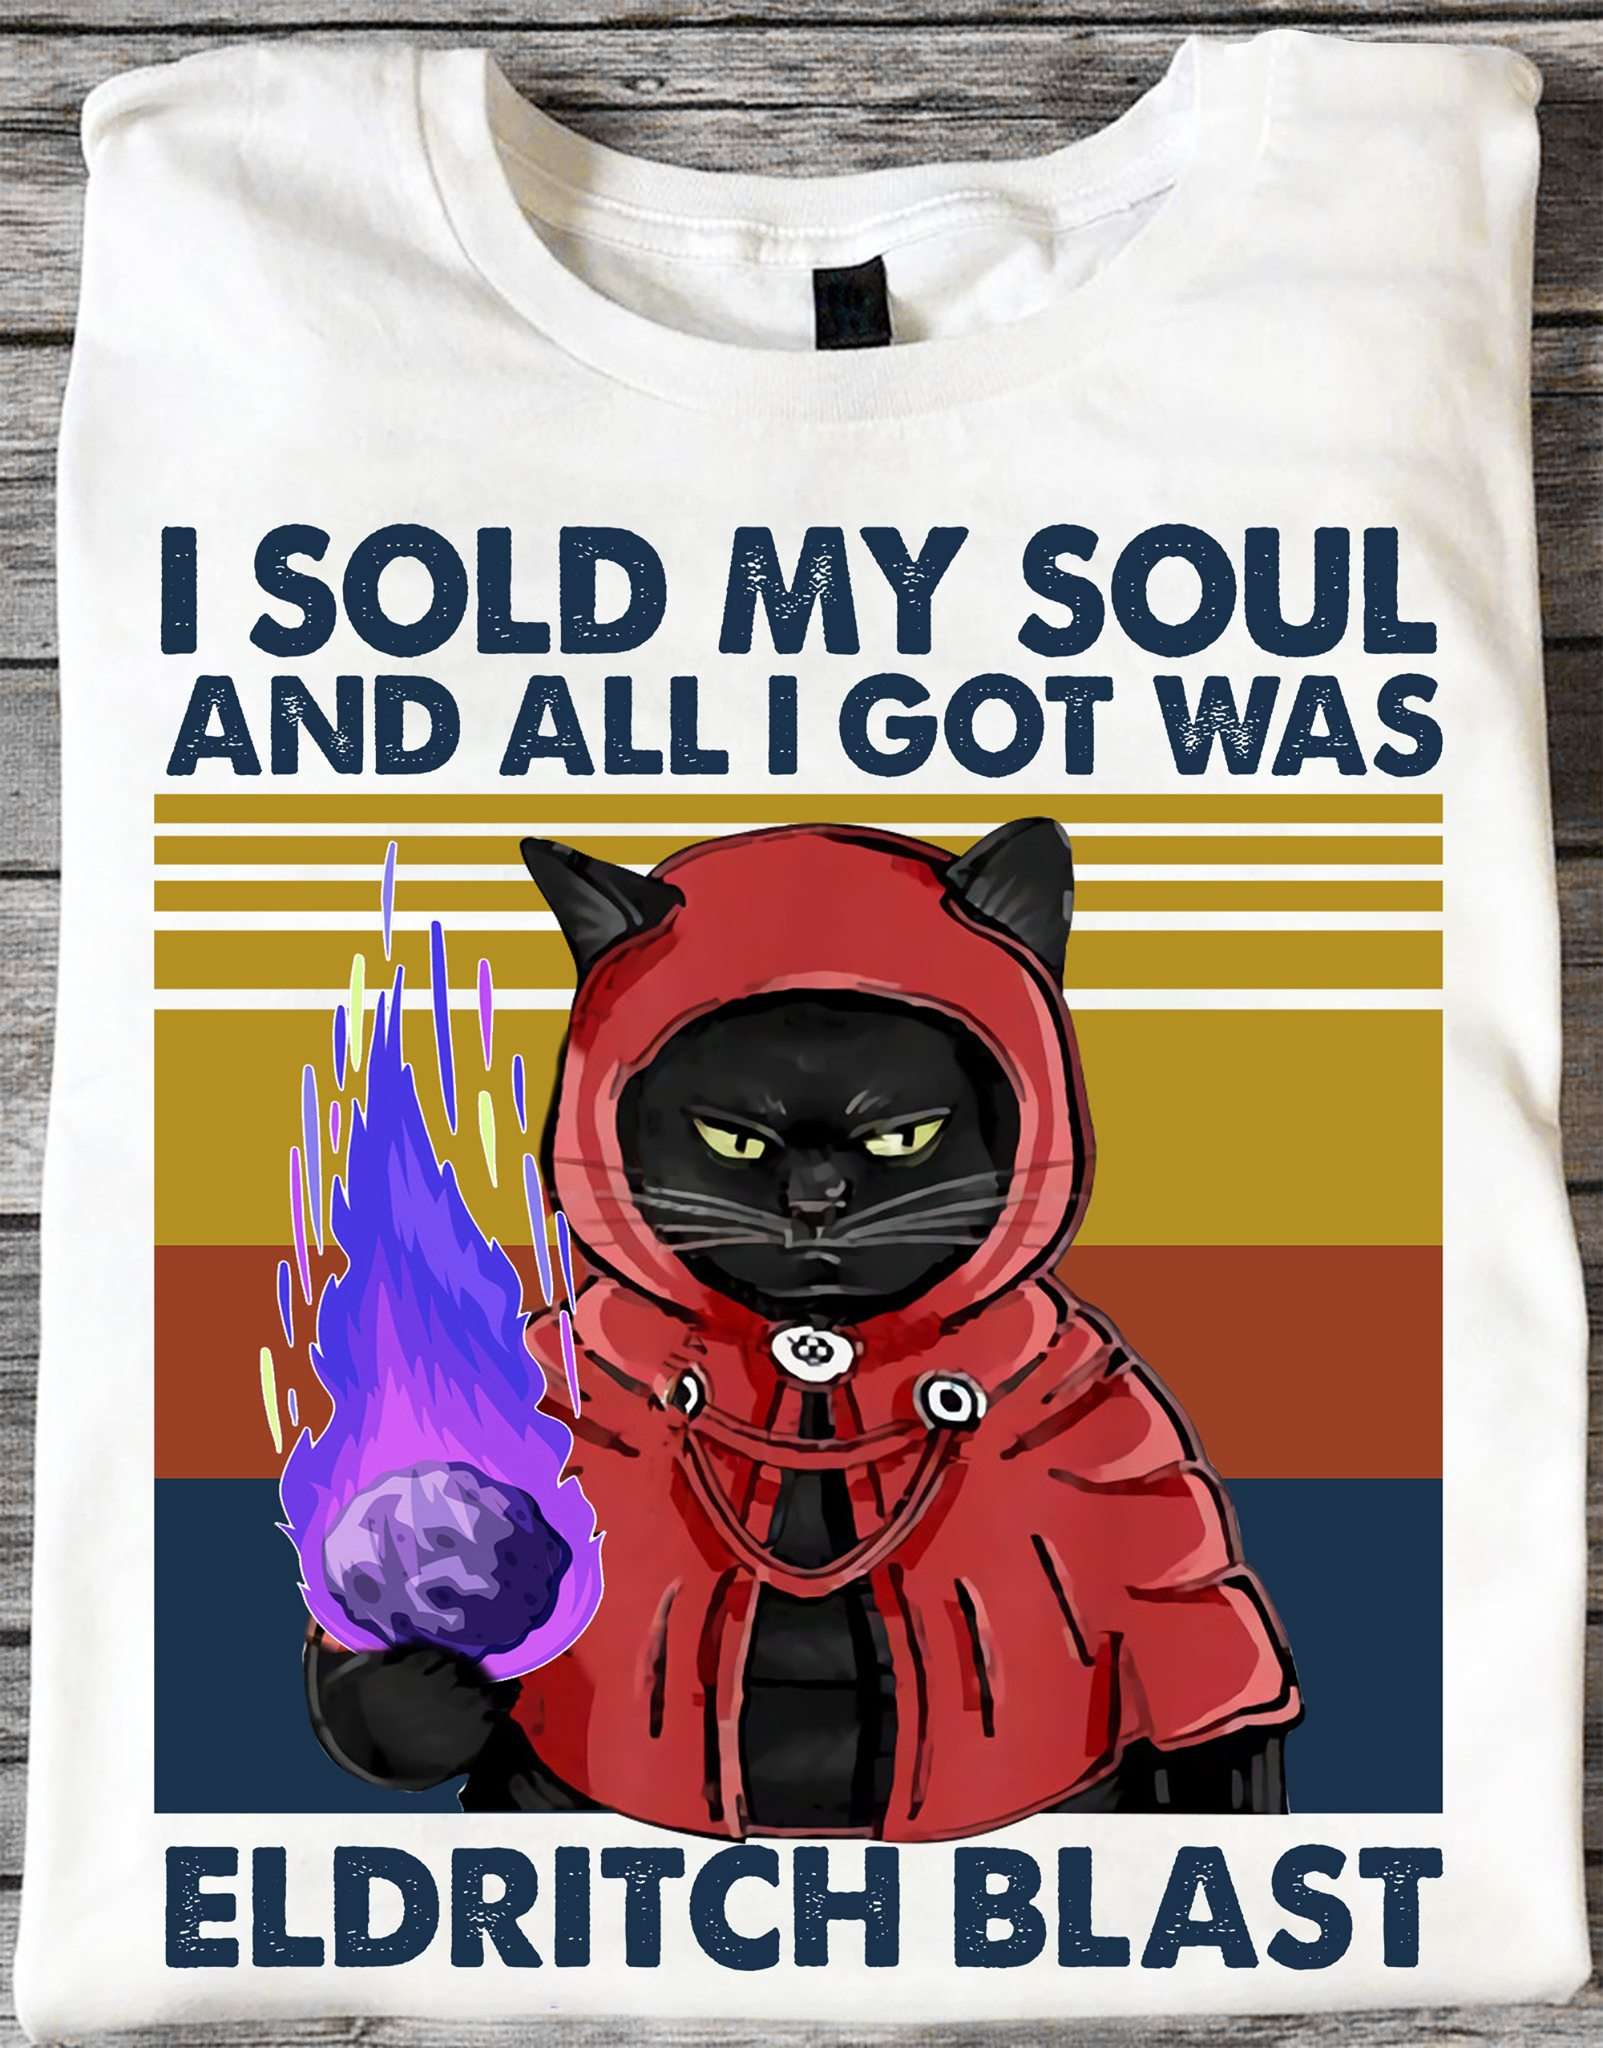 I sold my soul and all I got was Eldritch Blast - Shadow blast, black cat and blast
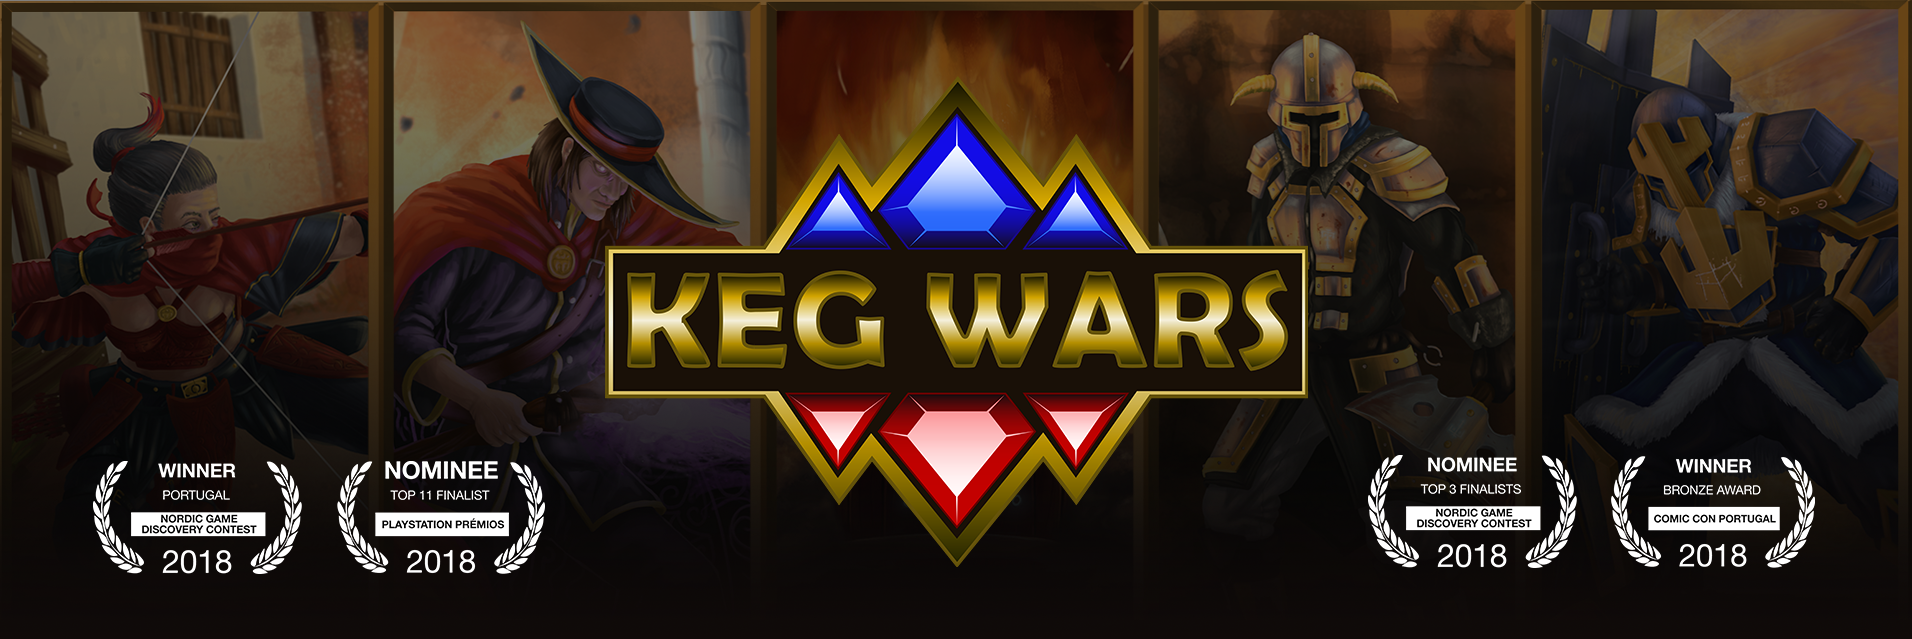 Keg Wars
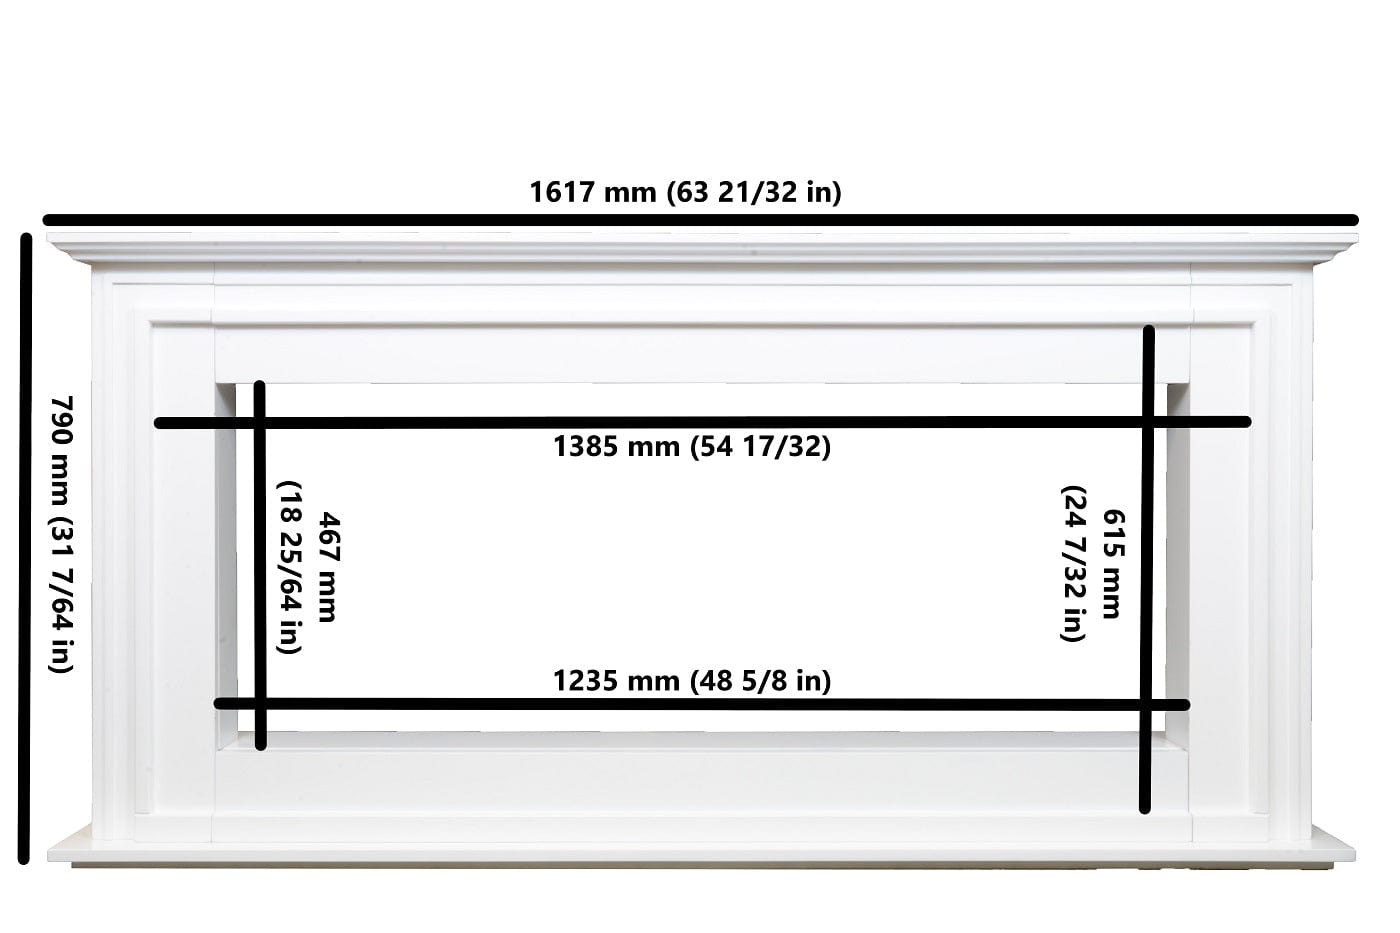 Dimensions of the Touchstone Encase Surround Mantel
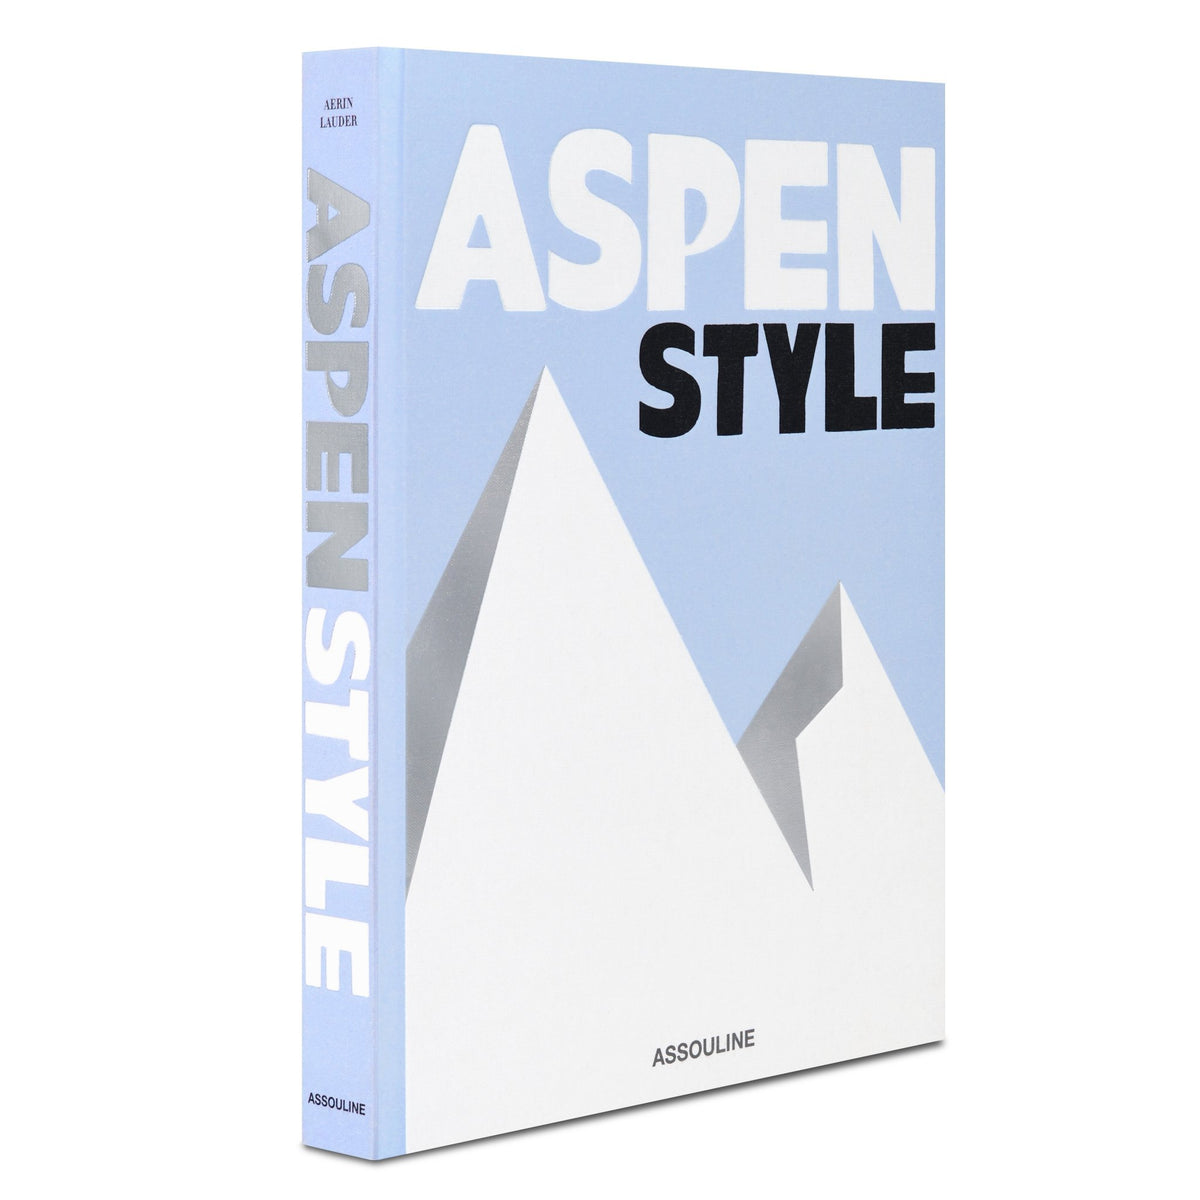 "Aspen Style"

◆ **WHAT IS REQUIRED**
Give again, exactly, each line from the one that contains "Dimensions of the" through the last line of the material above. Pictures do not belong in the copy.

◆ **TASK OUTPUT**
 Dimensions of the Touchstone Encase Surround Mantel
 "Aspen Style"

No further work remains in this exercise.